**Task brief**:
Where a picture appears, leave it out, and transcribe all the lines below exactly.

**Provided material**:
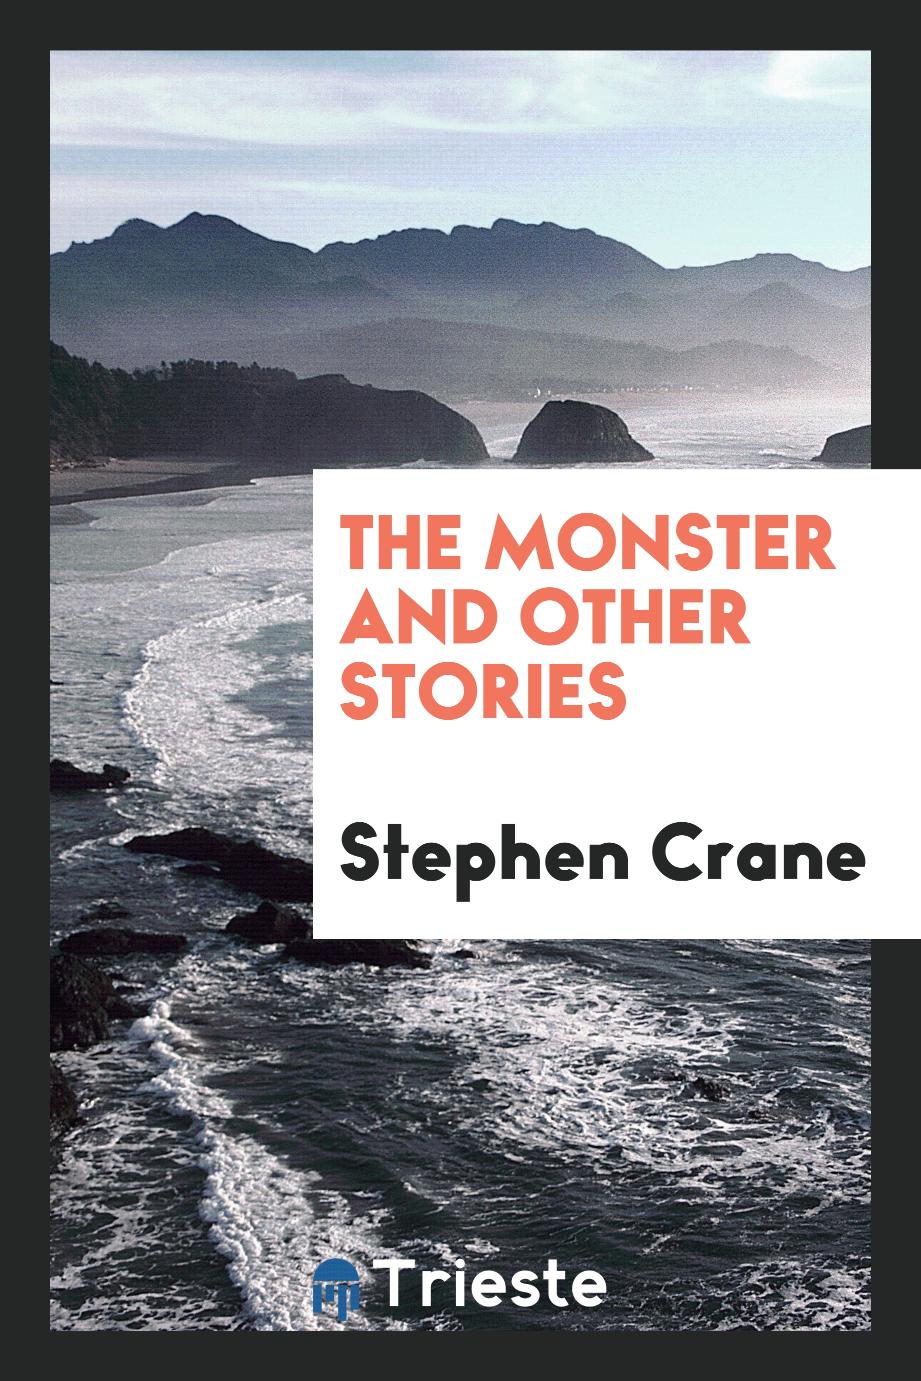 The monster and other stories
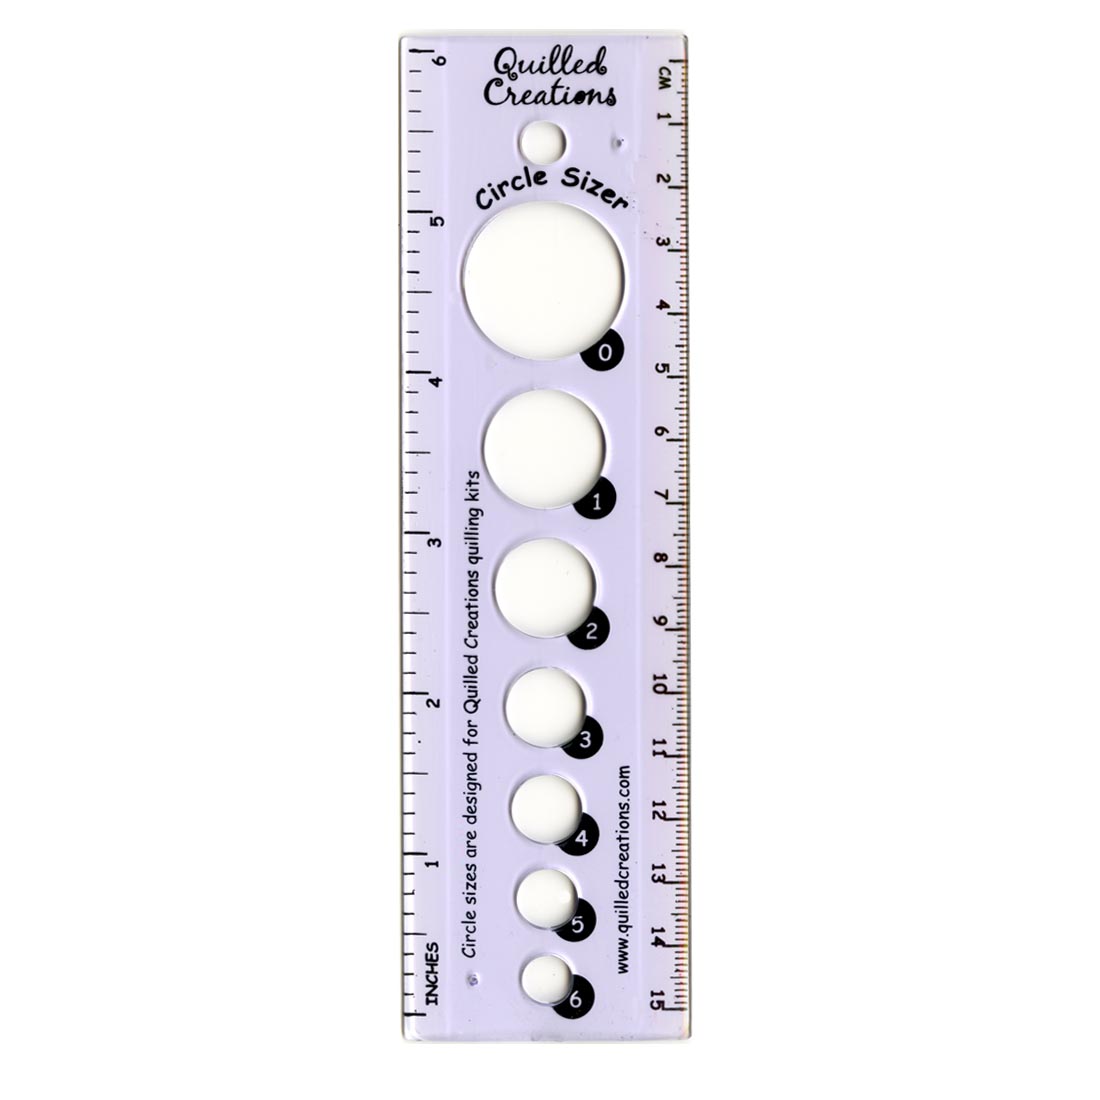 Quilling Circle Sizer Ruler by Quilled Creations
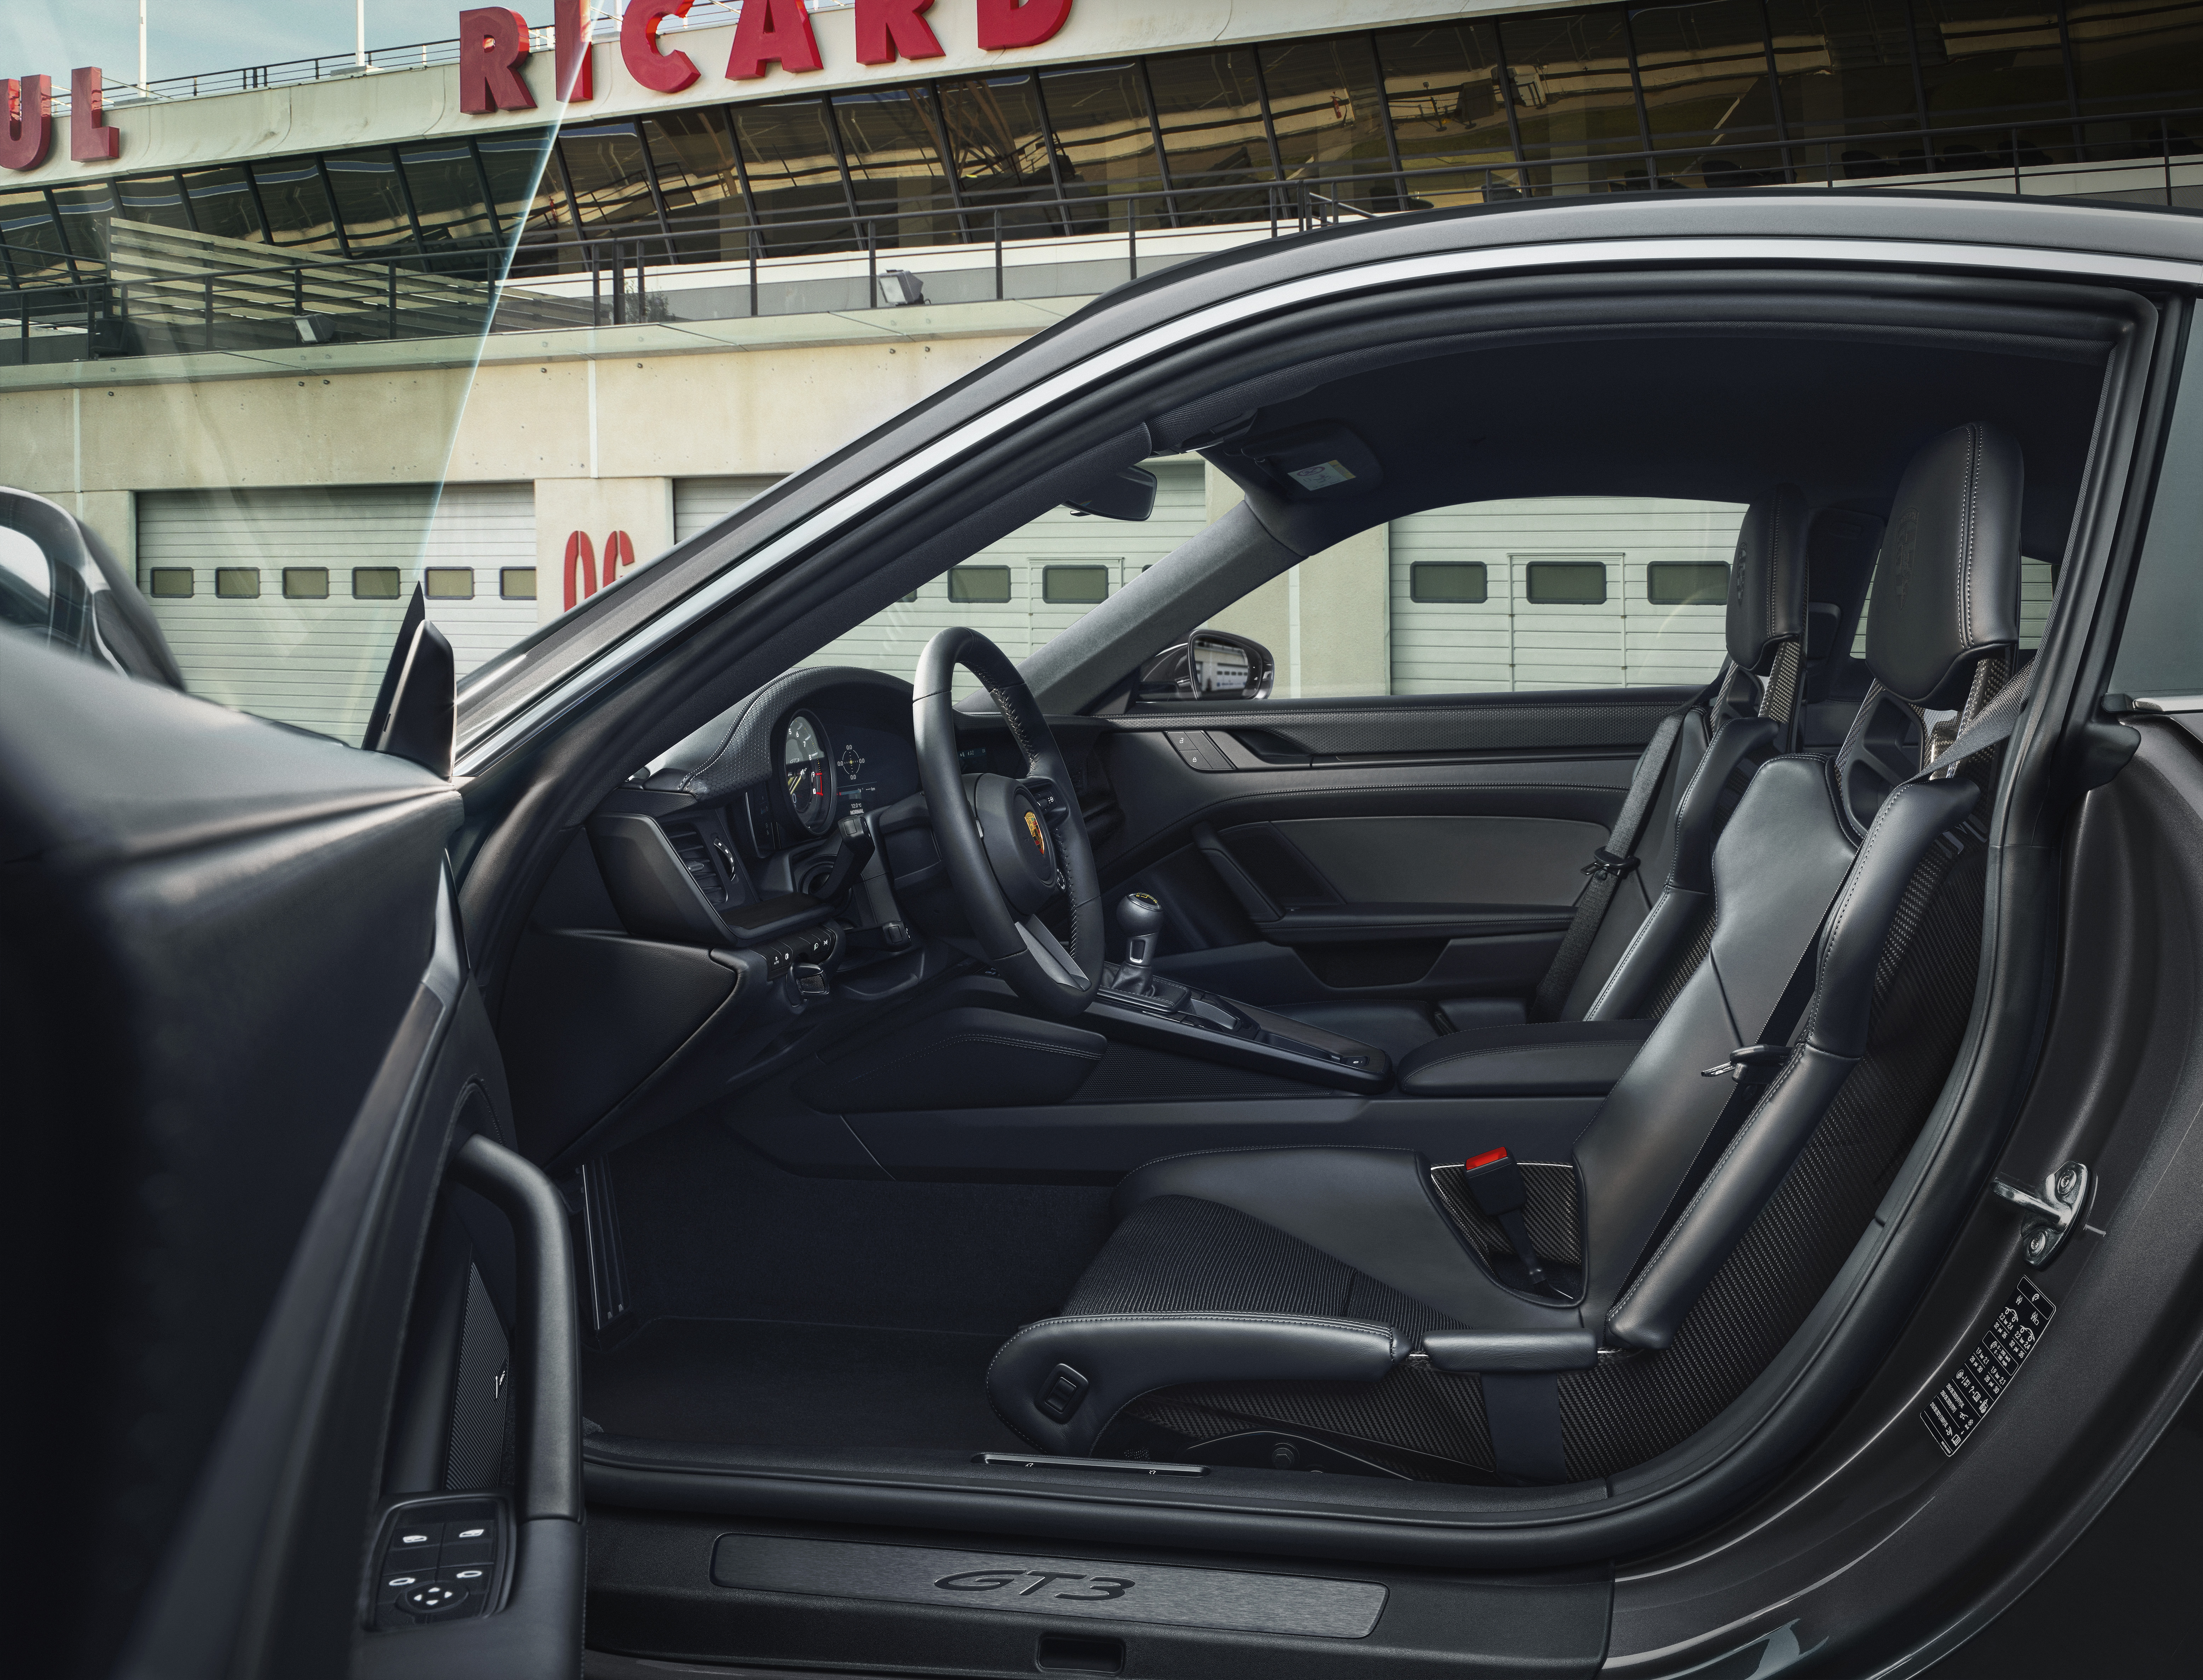 Interior shot of 911 GT3 with Touring Package at Paul Ricard circuit

**Expected answer**:
 The monster and other stories
 Quilling Circle Sizer Ruler by Quilled Creations
 Interior shot of 911 GT3 with Touring Package at Paul Ricard circuit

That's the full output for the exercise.